Systems and techniques herein provide for a plurality of classifiers to classify a plurality of device state types. For instance, as illustrated by system 40 in FIG. 10, one or more motion sensors 112 and/or other sensors provide sensor outputs to a classification module 50, which in tum classifies a plurality of device state types represented by the sensor output. To classify a plurality of device state types, a corresponding number of classifiers can be utilized, with each classifier optimized for and outputting a proposed state value for one particular state, e.g., panning, walking, standing, sitting, or traveling in a moving vehicle. Alternatively, separate joint classifiers of multiple device states may be used. For instance, sensor output can be associated with a first feature set and a second feature set, which are classified by a first feature set processor module 52 and a second feature set processor module 54, respectively.
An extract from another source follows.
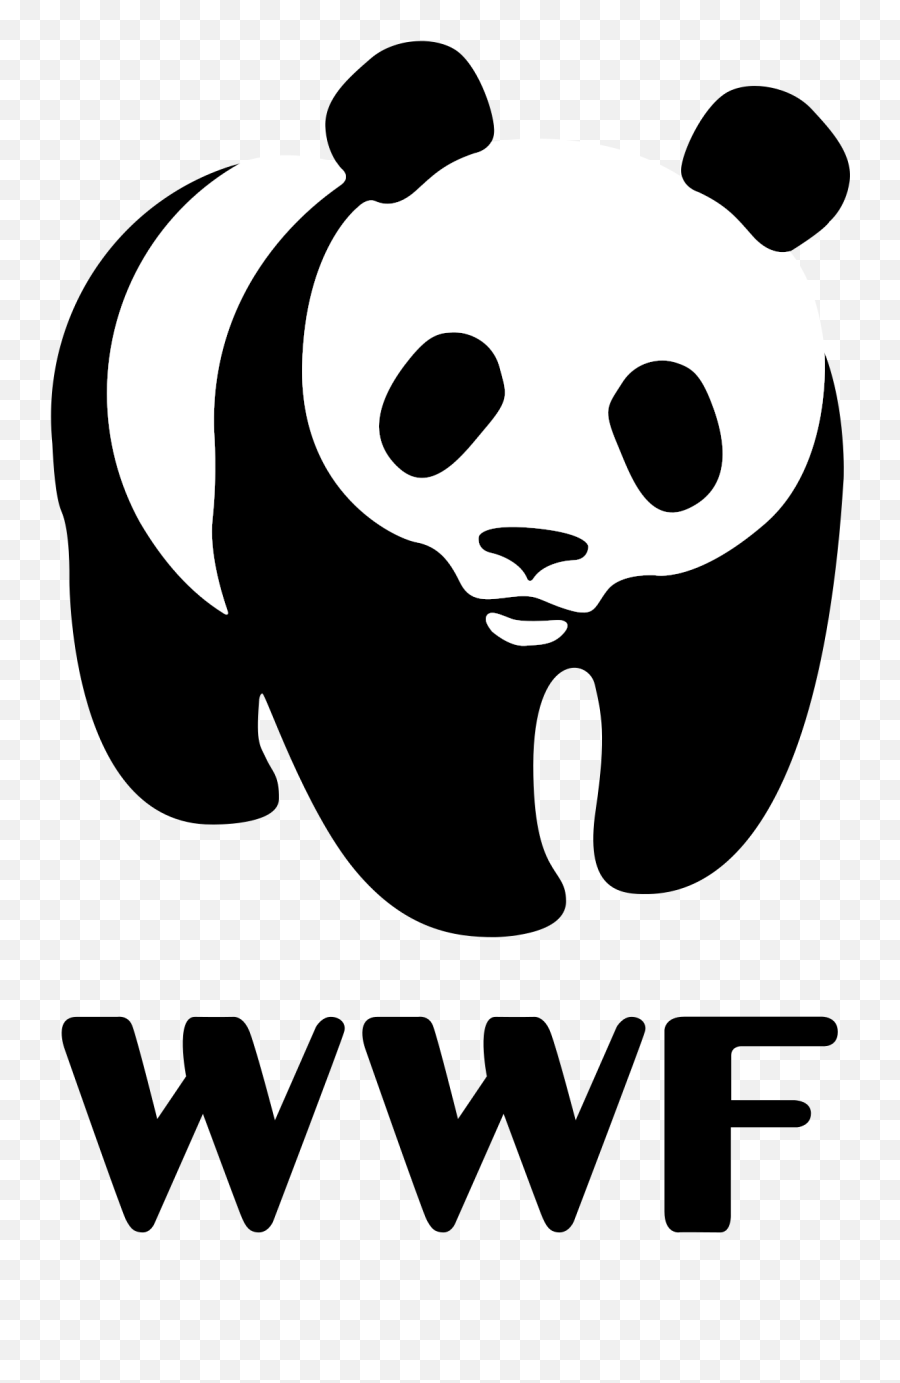 Why Did World Wrestling Federation Lose The Wwf Trademark - World Wildlife Fund Png,New Japan Pro Wrestling Logo
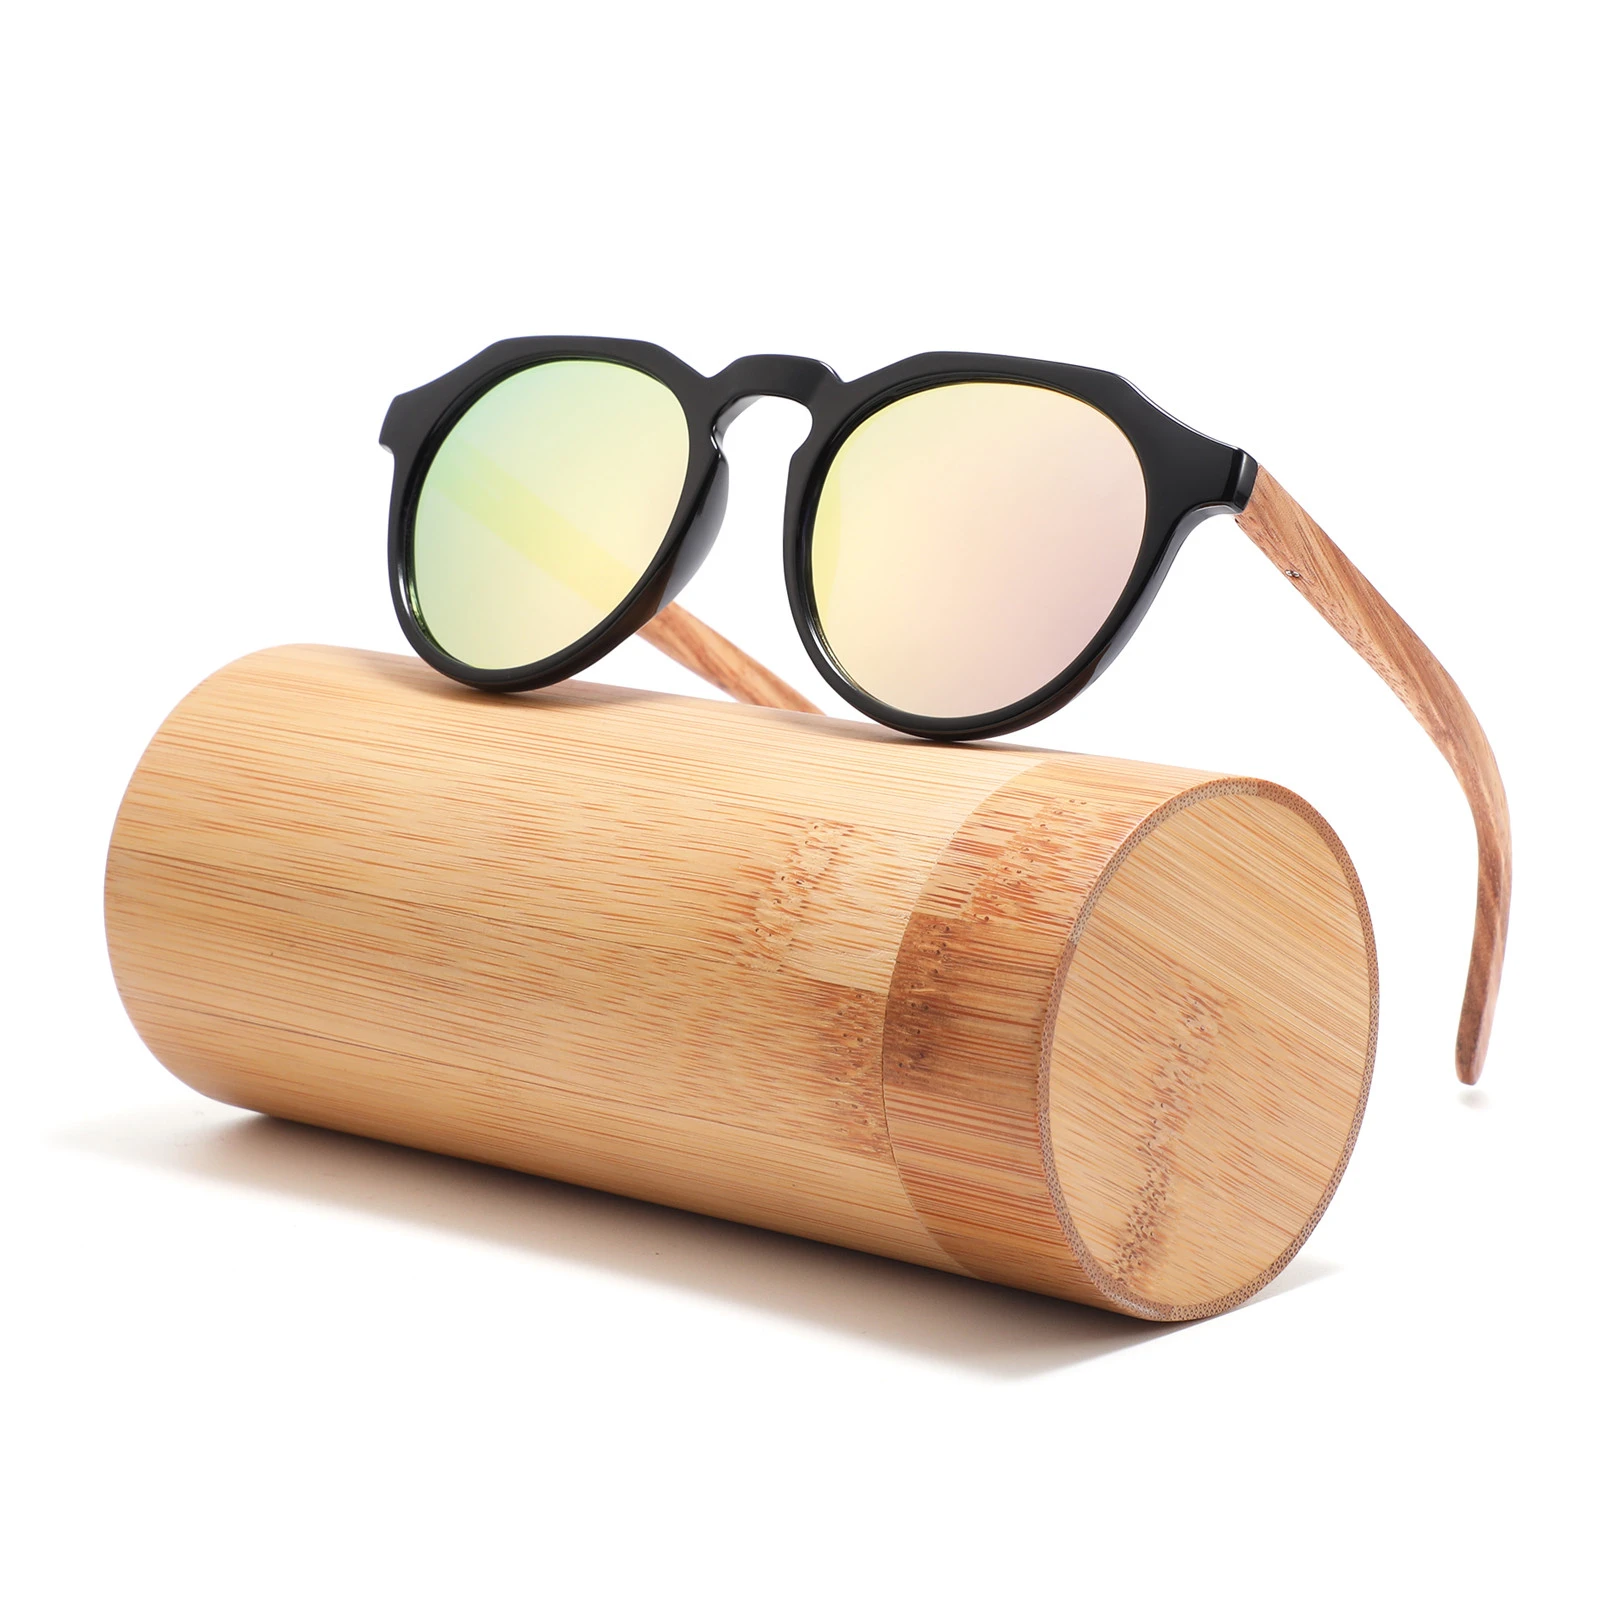 2020 hot selling sun glasses wholesale Bamboo sunglass uv400

Modules 52-54 provide candidate states to a proposed state generator 56, which is configured to generate a proposed and/or estimated device state from the candidate states.

In order to accurately classify device states, the classification algorithms may be trained. For instance, sensor data may be obtained when the user is involved in different activities, and the obtained data can be used to set one or more parameters of the classification algorithms to enable a later determination that sensor information indicates that the motion state is “walking” This “training” may occur before the classifiers are used to classify unknown motion states. In some embodiments, training may occur after initial use. For example, the user may be able to and/or prompted to indicate the value of a particular state type based on inaccurate results, ambiguous results, or other circumstances. Thus, classification of motion-states may be achieved by recording data generated by the inertial sensors, and performing pattern recognition with the recorded sensor data to find a matching signature for each specific type of motion. For example, walking generates inertial data having a periodic signature that is recognizably different than the inertial data signature produced while moving in a vehicle. Accordingly, such motion-states can be categorized in real-time by pattern recognition with the mobile device. The pattern recognition may include supervised and/or unsupervised learning techniques, such as Gaussian mixture models, k-nearest neighbor models and Markov models. In addition, the pattern recognition process may be further used to recognize when the user is performing a particular action with the camera during a motion state, e.g., the user may be panning the camera to capture a scene while stationary or walking.

Referring next to FIG. 11, a system 80 for classifying multiple device states includes a sensor interface module 82 configured to access sensor information of a device (e.g., sensor output generated by one or more sensors). A feature set generator 84 associates respective sensor information indicative of the sensor output with at least a first feature set and a second feature set, such that at least some of the sensor information is associated with the first feature set and at least some of the sensor information is associated with the second feature set.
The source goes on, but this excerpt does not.